Participants were given a warm-up period to accustom themselves to walking at each of the three self-selected speeds: normal (NW), slow (SW), and fast (FW). For slow walking, participants were instructed to walk “at a pace slower than your normal walking speed.” For fast walking, participants were instructed to walk “as fast as possible without running or jogging.” Participants were then introduced to the corner obstacle and turning task. Participants were made aware of the tape and ensured that there was no slipping hazard around the corner even when they walked at fast speeds. The participant was then instructed to walk at one of the three speeds and make a 90 degree turn at the corner without making contact with the object and to continue walking until they reached the stop line at the end of the outlined path. Several warm-up trials were used to familiarize the subject to the task and to adjust the subject's starting point such that their stance limb landed on the force plate. The procedure consisted of 3 straight gait trials followed by 24 turning trials, 6 turns at each of the four heights, for each speed. The six turns at each height were evenly divided between step turns and spin turns accomplished by altering the starting limb of the subject, such that 3 trials were obtained for each condition.

A spin turn was identified as a turn in which the left foot landed on the corner force plate. Conversely, a step turn was a turn in which the right turn landed on the force plate.

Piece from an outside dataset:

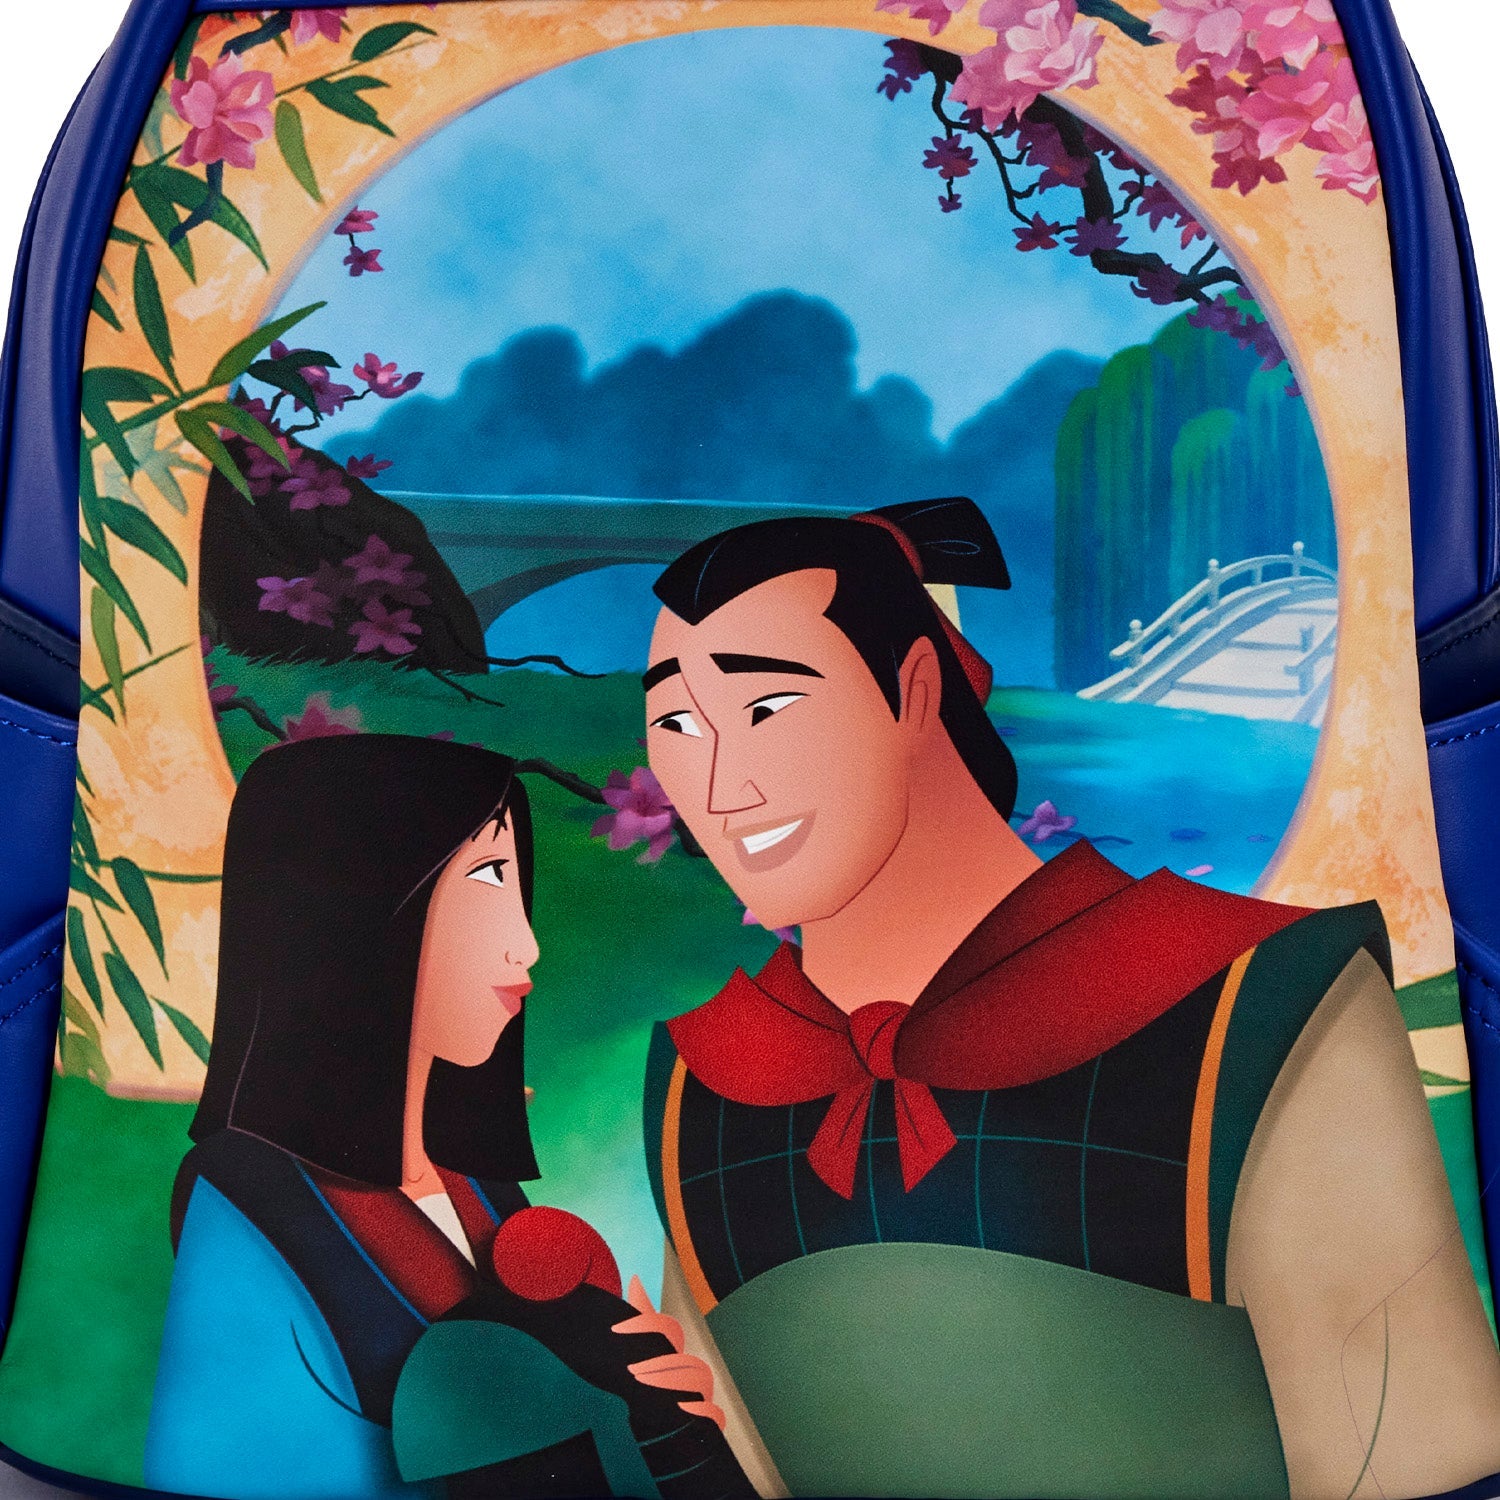 Loungefly x Disney Mulan Castle Light Up Mini Backpack - GeekCore

This was consistent with the method used by Taylor et al. (2005) whereby a spin turn is identified as a turn toward the same side as the stance limb, not necessarily requiring a spin or pivot, and a step turn is a turn away from the stance limb, as shown in Figure 2. Whereas Taylor et al. (2005) further subdivided spin turns based on the presence of a pivot, our analysis was limited to spin turns as a whole, consistent with Akram et al. (2010), Hase and Stein (1999), and Yamaguchi et al. (2012).

Figure 2.

Representative foot placement for spin (A) and step (B) turns. The grey foot indicates the left foot. The black foot indicates the right foot. (A) For a spin turn to the left, the left foot lands on the force plate. The left leg here is the stance limb throughout the turn. (B) For a step turn to the left, the right foot lands on the force plate. The right leg is the stance limb throughout the turn.

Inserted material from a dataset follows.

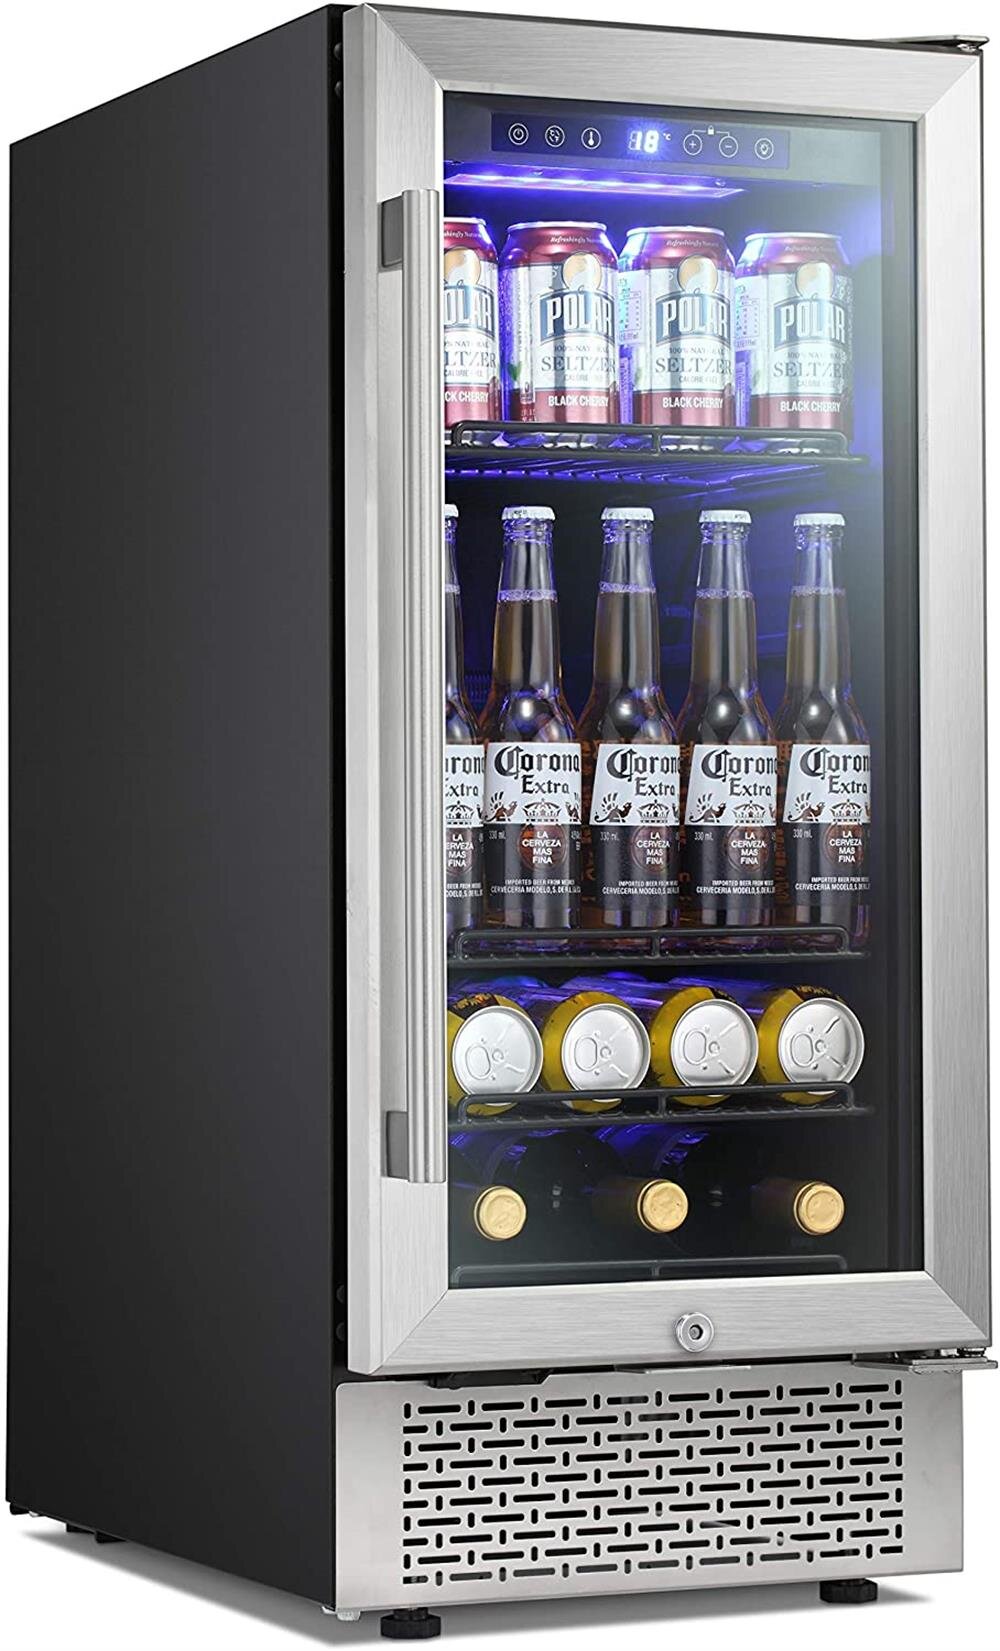 Powerful Drink with Smart Control System and Double-Layer Glass Door Beverage Refrigerator 15 inch Stainless Steel Shelf 88 Can and 3 Bottle Built-in or Freestanding for Soda Beer

To eliminate any order effect, the obstacle heights, 0 cm- 63 cm- 104 cm- 167 cm, were rotated up for each new speed. Furthermore, the order of speeds, NW – SW – FW, was rotated for each subject such that Subject 1 began with NW at 0 cm and Subject 2 began with SW at 167 cm. A graphical depiction of the protocol is shown in Figure 3. Each subject performed 72 turning trials and 9 straight walking trials.

Figure 3.

A graphical depiction of the protocol for Participants 1 and 2. All trials at one speed were completed before moving to the next speed. The obstacle heights were tested in order from top to bottom for each speed. Three step turns and three spin turns were performed for each obstacle height + speed combination. The order of the step turns and spin turns were random, but all three step turn trials were completed before switching to spin turns or vice versa. A total of 72 turning trials and 9 walking trials were recorded for each participant.

Data Analysis

Data from all ten participants were analyzed. The 3-dimensional marker data and the force plate data were filtered using a 5 Hz low-pass Butterworth filter. The ground reactive forces (GRF) were recorded by the force plate and used to calculate the RCOF:

$$\mathit{\text{RCOF}}=\frac{F_{\mathit{\text{horizontal}}}}{F_{\mathit{\text{vertical}}}}$$ (1)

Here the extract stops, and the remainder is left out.